Asylsøker: Documentary photography about asylum seekers. Can't have too much documentary or too much photography, and the subject matter is very politically correct to boot.
Måtehold i grådighetens tid (Temperance in the Age of Greed): well, based on all of the above information this should be food for thought and very appropriate for yours truly...
if I can only find the time for reading it.
I am now a professional photographer! I actually sold a picture! After coming across it on flicr, Susan O'Hanlon fine stationery contacted me to ask if they could use my picture "that pink feeling" for a greeting card.
And check this out:
Cards have actually been printed, and hopefully will be on sale in stores in Britain soon! I'm expecting a life in luxury living off the royalties from now on. Ok, maybe not. But who knows, maybe in a year's time there will be enough for a coffee or something similar (actually I got an advance that will amount to quite a lot of cups of coffee. Maybe ten or twenty. So no complaints there!). Doesn't matter, the important thing is now I'm a professional photographer. Check! Next goal: become a published author. Preferably without having to self-publish, but if needs must...
Yes indeed. After pregnancy comes motherhood (God willing). This shouldn't come as a surprise to any of you, let alone me, and yet I found myself completely and utterly unprepared for the whole motherhood thing.
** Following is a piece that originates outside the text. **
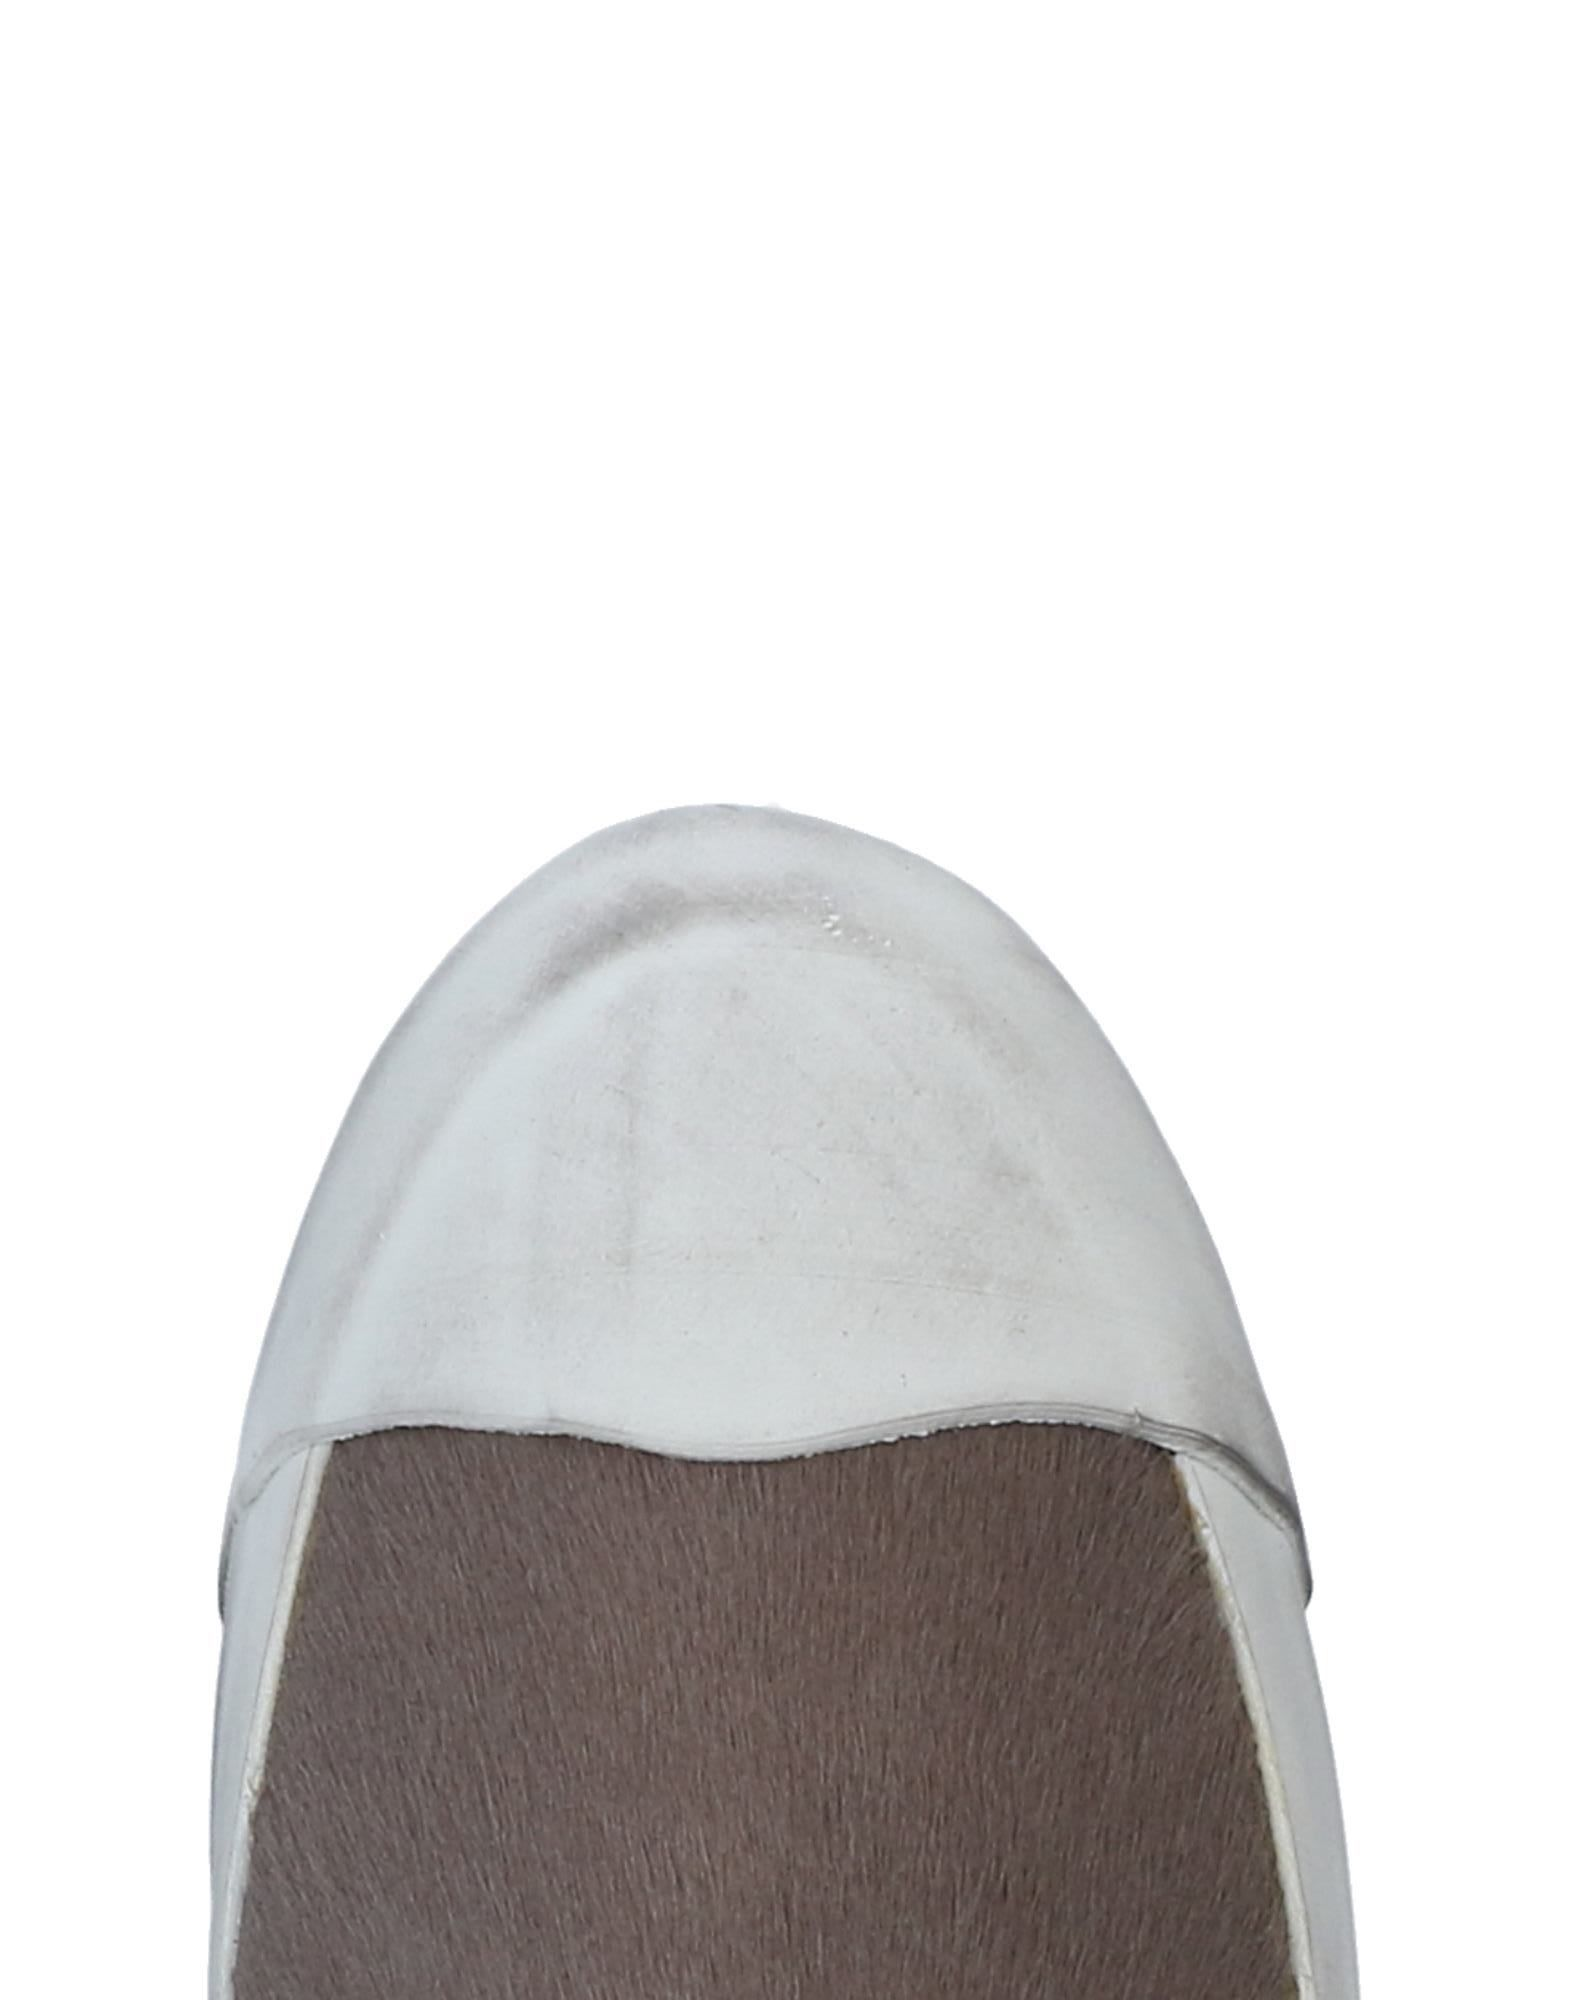 O.X.S. Gute Sneakers Damen  11456650PQ Gute O.X.S. Qualität beliebte Schuhe 87ab12

In the last stages of pregnancy I spent quite a lot of time thinking about the upcoming labour- as one does- and not a lot thinking about what comes after. Some clever person in a maternity class said that labour is like a high mountain standing between the pregnant woman and life after birth, and I have to agree.
So labour. It was tough, but not tougher than expected. I didn't expect a walk in the park. Baby Oscar turned up a fortnight after his due date (on january 5th to be precise) after labour being induced (pretty much as anticipated) and was a very sturdy baby (pretty much as anticipated since the midwife had to plot the growth of the belly outside the graph paper in the last checkup) at 4,5 kg. Lovely, beautiful and nice smelling (pretty much as anticipated).
But the whole motherhood thing: I want to say that no one told me it would be this tough, but I would be lying. Everyone told me, they all tell you, don't they, it's just that you aren't able to understand it. Oscar's seven weeks soon, and things are becoming less tough, but wowie! what a lot we've had to learn in the last two months and wowie kazowie! what a lot we're still not even close to mastering.
At least now I know how to change a nappy (not that hard actually), how to deal with mastitis (wear all the wool you can get your hands on to prevent it, massage your boobs a lot if you get it and if all else fails get antibiotics after the first day), how to tie a carrying shawl (I'd have to show you), the rules for storing breast milk in the fridge and/or freezer, how to dress and undress the baby and how to make my way around with a buggy. Still to learn: how to get him to settle down and have a good nights sleep without too much bribery and trickery. And about one million other things.